* Extracted entries

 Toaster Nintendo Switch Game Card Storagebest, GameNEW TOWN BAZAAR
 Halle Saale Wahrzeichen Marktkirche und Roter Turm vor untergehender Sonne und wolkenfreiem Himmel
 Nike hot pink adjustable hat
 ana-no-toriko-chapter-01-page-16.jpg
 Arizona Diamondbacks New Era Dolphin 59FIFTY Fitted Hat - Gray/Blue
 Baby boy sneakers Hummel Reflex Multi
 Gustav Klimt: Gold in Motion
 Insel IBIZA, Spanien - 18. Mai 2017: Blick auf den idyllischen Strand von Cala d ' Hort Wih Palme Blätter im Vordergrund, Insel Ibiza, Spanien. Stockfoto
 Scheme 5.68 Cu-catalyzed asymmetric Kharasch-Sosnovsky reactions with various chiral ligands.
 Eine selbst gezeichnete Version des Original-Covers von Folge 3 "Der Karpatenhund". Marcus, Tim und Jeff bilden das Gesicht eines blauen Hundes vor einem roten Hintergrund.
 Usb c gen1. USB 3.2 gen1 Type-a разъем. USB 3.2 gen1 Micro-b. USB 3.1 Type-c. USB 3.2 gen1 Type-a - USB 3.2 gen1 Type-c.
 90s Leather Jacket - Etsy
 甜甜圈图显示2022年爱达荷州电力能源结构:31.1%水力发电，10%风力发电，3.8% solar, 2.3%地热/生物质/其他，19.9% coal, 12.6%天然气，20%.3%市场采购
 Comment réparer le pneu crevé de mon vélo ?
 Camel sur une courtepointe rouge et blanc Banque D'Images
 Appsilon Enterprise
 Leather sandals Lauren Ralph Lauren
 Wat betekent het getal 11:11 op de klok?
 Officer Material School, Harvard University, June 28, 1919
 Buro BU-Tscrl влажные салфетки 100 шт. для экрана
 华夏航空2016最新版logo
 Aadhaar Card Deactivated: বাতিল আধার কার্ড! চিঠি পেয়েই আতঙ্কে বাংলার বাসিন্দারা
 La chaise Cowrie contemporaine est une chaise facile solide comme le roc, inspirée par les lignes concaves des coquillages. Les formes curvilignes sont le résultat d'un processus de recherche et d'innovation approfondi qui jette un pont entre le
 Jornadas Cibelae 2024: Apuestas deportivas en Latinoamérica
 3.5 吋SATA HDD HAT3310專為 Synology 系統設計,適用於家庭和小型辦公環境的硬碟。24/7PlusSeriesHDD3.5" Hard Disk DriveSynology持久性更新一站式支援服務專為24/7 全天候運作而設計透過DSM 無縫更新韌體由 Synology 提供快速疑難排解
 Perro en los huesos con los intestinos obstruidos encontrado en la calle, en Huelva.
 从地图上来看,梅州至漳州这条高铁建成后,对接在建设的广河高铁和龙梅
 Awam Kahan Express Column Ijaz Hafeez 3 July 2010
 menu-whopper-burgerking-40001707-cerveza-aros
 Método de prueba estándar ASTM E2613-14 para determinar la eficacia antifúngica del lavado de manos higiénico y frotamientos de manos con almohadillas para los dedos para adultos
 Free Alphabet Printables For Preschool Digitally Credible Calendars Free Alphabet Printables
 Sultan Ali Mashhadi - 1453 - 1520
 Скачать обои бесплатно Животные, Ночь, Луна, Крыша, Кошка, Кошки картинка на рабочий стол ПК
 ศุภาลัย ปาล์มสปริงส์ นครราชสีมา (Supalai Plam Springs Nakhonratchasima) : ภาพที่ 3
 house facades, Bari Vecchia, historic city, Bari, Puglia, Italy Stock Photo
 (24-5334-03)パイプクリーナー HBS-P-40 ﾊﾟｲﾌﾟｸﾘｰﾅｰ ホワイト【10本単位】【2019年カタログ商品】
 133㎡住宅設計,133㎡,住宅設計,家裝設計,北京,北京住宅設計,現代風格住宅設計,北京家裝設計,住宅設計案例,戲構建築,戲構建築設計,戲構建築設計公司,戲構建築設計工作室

* What the exercise asks
Give an exact copy of the lines above, from the top of the records to the line that contains "Aadhaar Card Deactivated: বাতিল", taking in both ends.

* Response area
 Toaster Nintendo Switch Game Card Storagebest, GameNEW TOWN BAZAAR
 Halle Saale Wahrzeichen Marktkirche und Roter Turm vor untergehender Sonne und wolkenfreiem Himmel
 Nike hot pink adjustable hat
 ana-no-toriko-chapter-01-page-16.jpg
 Arizona Diamondbacks New Era Dolphin 59FIFTY Fitted Hat - Gray/Blue
 Baby boy sneakers Hummel Reflex Multi
 Gustav Klimt: Gold in Motion
 Insel IBIZA, Spanien - 18. Mai 2017: Blick auf den idyllischen Strand von Cala d ' Hort Wih Palme Blätter im Vordergrund, Insel Ibiza, Spanien. Stockfoto
 Scheme 5.68 Cu-catalyzed asymmetric Kharasch-Sosnovsky reactions with various chiral ligands.
 Eine selbst gezeichnete Version des Original-Covers von Folge 3 "Der Karpatenhund". Marcus, Tim und Jeff bilden das Gesicht eines blauen Hundes vor einem roten Hintergrund.
 Usb c gen1. USB 3.2 gen1 Type-a разъем. USB 3.2 gen1 Micro-b. USB 3.1 Type-c. USB 3.2 gen1 Type-a - USB 3.2 gen1 Type-c.
 90s Leather Jacket - Etsy
 甜甜圈图显示2022年爱达荷州电力能源结构:31.1%水力发电，10%风力发电，3.8% solar, 2.3%地热/生物质/其他，19.9% coal, 12.6%天然气，20%.3%市场采购
 Comment réparer le pneu crevé de mon vélo ?
 Camel sur une courtepointe rouge et blanc Banque D'Images
 Appsilon Enterprise
 Leather sandals Lauren Ralph Lauren
 Wat betekent het getal 11:11 op de klok?
 Officer Material School, Harvard University, June 28, 1919
 Buro BU-Tscrl влажные салфетки 100 шт. для экрана
 华夏航空2016最新版logo
 Aadhaar Card Deactivated: বাতিল আধার কার্ড! চিঠি পেয়েই আতঙ্কে বাংলার বাসিন্দারা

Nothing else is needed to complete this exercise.